As persecuted gays flee, UK gives Uganda £100m

UGANDA receives almost £100million in British foreign aid every year despite driving out hundreds of gay people who then seek asylum in the UK, it emerged yesterday.

More than 200 gay Ugandans in the past two years have successfully claimed their sexual orientation could expose them to persecution and abuse at home, official figures show.

None of the aid cash sent is being used to address the treatment of gay people in the east African country.

Instead, the 21 current projects funded by the Department for International Development (DfID) are schemes to improve roads, make contraception more easily available, tackle corruption and promote renewable energy.

The Daily Express has led the way with the Stop The Foreign Aid Madness crusade calling for the Government to cut the target of spending at least 0.7 per cent of national income. Senior backbench Tory MP Jacob Rees-Mogg said: “The need for emergency overseas aid is clear, but expenditure by the Government of large amounts of money hasn’t proved very successful.”

A poll commissioned by the Daily Express showed 84 per cent of voters want at least some of the foreign aid cash spent on the NHS instead.

Reader Robert Barnes, 52, of Oldham, has also set up an online petition. Last year 293 Ugandans made applications for asylum. Home Office figures show 129 were successful, 110 because they claimed they were gay and it would be a breach of their human rights to make them return home.

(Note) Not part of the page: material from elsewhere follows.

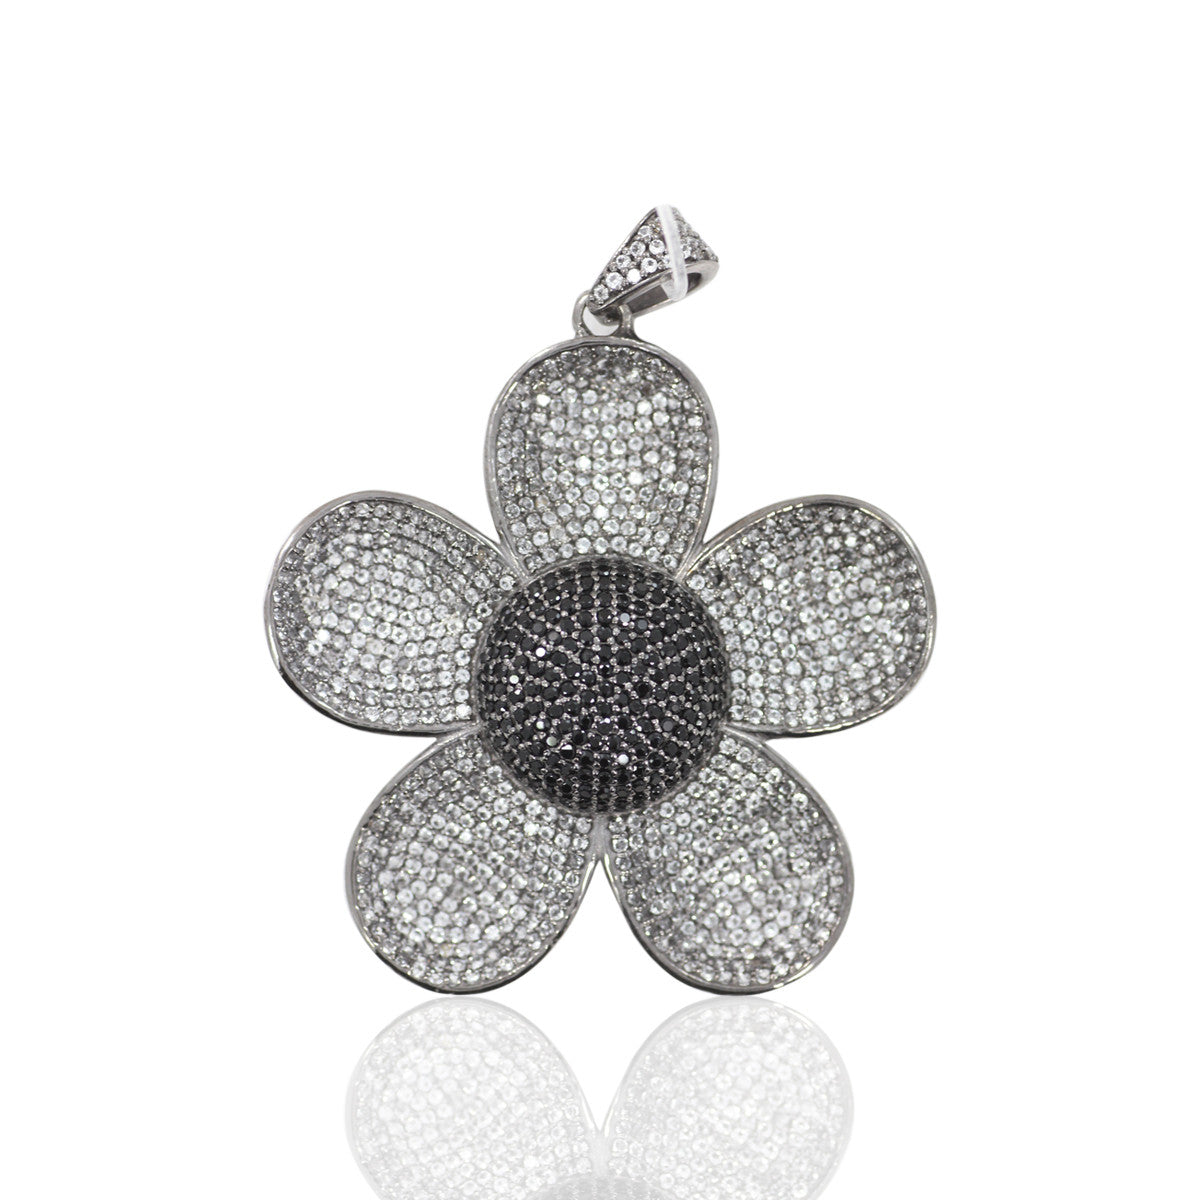 Flowers White Topaz/Black Spinel Charm, Pave Black Spinel ,Approx 1.76'' ( 44 x 44 mm) Oxidized Silver, Silver ,Black Spinel/White Topaz

Ugandan badminton player Megan Nankabirwa, 30, and her female partner were granted asylum last year after she competed in the 2014 Commonwealth Games in Glasgow.

Separate figures show there has been a 450 per cent rise in the total number of people seeking refuge in the UK because of sexuality since 2014, from 200 to 1,115. Most were gays and lesbians from Pakistan. Yet the country received £463million in UK aid in 2016.

A Government spokesman said: “DfID supports a programme focused on protecting minority rights in Uganda which is aimed at achieving improvements in the treatment of and attitudes towards LGBT people.”